- WHAT NEEDS TO BE DONE
In the records below, find each line with the word "Woman" and copy it.

Segment Open

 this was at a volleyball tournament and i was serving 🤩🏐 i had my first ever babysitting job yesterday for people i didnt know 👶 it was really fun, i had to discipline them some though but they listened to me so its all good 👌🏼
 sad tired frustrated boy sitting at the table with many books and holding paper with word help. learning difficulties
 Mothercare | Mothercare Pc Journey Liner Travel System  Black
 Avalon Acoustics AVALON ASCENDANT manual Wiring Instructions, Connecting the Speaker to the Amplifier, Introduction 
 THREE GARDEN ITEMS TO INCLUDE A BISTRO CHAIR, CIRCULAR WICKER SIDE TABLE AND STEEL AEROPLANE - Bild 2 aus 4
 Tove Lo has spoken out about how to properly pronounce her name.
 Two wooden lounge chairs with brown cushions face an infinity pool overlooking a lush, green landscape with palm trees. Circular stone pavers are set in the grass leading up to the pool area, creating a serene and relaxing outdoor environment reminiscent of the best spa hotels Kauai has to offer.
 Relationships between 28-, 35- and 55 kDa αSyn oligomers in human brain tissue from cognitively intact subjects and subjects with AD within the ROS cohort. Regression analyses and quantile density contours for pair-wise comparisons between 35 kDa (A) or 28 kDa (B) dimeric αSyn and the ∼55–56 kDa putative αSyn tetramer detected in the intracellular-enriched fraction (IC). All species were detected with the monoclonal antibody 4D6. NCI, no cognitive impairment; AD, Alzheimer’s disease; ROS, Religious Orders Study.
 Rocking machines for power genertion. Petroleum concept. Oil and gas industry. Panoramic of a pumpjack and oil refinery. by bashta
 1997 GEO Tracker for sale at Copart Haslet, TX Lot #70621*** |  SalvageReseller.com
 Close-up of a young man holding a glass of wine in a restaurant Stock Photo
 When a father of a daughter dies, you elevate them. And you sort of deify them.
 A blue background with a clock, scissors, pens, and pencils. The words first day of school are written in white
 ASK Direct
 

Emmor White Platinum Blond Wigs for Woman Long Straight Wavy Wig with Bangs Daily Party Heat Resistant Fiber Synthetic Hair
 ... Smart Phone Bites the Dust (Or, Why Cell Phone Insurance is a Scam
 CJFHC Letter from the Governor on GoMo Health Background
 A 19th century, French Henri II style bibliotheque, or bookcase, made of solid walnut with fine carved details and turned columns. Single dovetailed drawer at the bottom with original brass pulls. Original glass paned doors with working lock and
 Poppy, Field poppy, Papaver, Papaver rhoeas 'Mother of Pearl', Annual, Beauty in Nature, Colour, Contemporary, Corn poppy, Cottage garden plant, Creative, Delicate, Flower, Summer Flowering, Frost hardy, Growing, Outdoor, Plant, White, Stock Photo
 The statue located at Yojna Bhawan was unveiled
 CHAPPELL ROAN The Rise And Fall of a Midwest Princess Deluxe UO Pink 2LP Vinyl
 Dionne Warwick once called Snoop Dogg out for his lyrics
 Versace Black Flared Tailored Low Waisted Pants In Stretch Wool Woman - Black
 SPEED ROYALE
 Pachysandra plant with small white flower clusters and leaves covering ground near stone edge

Segment Closed

- REPLY
Emmor White Platinum Blond Wigs for Woman Long Straight Wavy Wig with Bangs Daily Party Heat Resistant Fiber Synthetic Hair
 Versace Black Flared Tailored Low Waisted Pants In Stretch Wool Woman - Black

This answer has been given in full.